Le idee di Anselm Kiefer sono chiare, "l'uomo cerca la leggerezza perché non vuole vedere la pesantezza, l'abisso".
Come fatto per l'epica classica e teutonica, l'artista recupera anche la Bibbia, ma lui, tra 1987 e 1990 intitola un'opera Lilith, in omaggio a quella che una leggenda ebraica (e prima mesopotamica) ricorda come la prima moglie di Adamo, allontanata dall'Eden perché, nata dalla terra come lui, vuole essere un suo pari. Un tema femminista forte, antico e pressoché ignoto al grande pubblico, che veniva trattato da un artista che i più vedevano come un conservatore. Wenders torna anche al 1963, quando il liceale Anselm vinse il premio Jean Walter, che gli permise di mettere in pratica un progetto di viaggio che lo portò a ripercorrere quello di Vincent Van Gogh - chi meglio di lui per raccontare il dolore -, e poi ci conduce fino alle retrospettive di Kiefer e alle sue mostre personali negli Stati Uniti (Chicago, Los Angeles e New York, Moma).
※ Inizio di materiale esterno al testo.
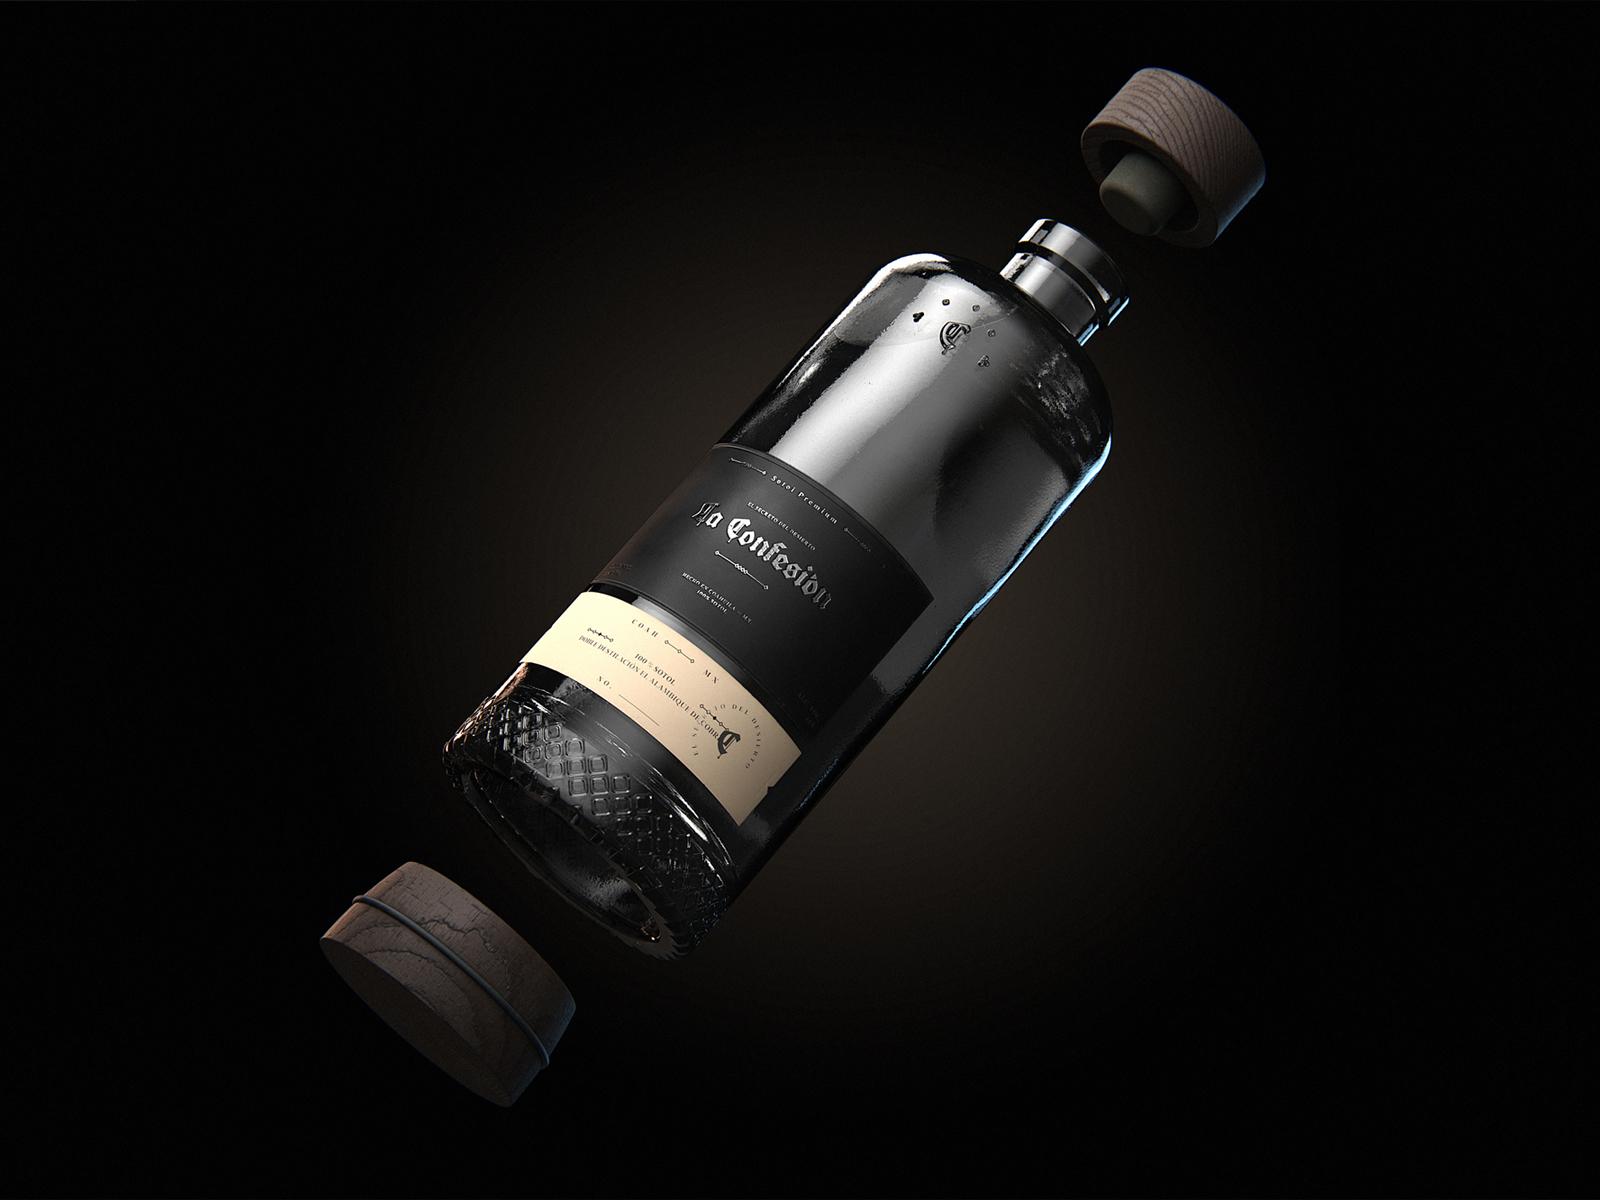 Bottle and Branding Design for La Confesión Premium Sotol

Infine, il ciclo per la 59° Biennale d'Arte a Venezia nel 2022, a cui faceva da cappello la frase del filosofo Andrea Emo (1901-83), all'insegna ancora del nichilismo: "Questi scritti, quando verranno bruciati, daranno finalmente un po’ di luce". I dipinti vennero esposti nella Sala dello Scrutinio di Palazzo Ducale, quella in cui un tempo si concludevano i conteggi dei voti per l'elezione del doge. Un luogo in cui storia, mito e memoria si adattano perfettamente al mondo di Kiefer, che infatti il regista immortala nella Sala del maggior consiglio, in un suggestivo faccia a faccia con lo straordinario Paradiso di Jacopo Tintoretto (1588-92).
E in quelle sale vediamo ancora quel bambino (che di primo acchito ci inquieta come i bambini in Heimat, Reitz 2004-2013 o ne Il nastro bianco, Haneke 2009), in una poetica fusione tra il fanciullo e il sé attuale, arriva nella sala veneziana grazie a una scala di corda, ma non prima di essersi sdraiato in un campo tra i girasoli, bruciati... i campi di Van Gogh sono ormai anch'essi dolore e morte, eppure un girasole è lì, rigoglioso sul petto del ragazzo, quasi fosse un novello albero di Jesse. "La fanciullezza è una stanza vuota, come l'inizio del mondo".
Poesia e arte si sfiorano e arrivano a coincidere, come il fanciullo e l'anziano Anselm Kiefer, mentre la musica di Kussner li unisce in Anselm...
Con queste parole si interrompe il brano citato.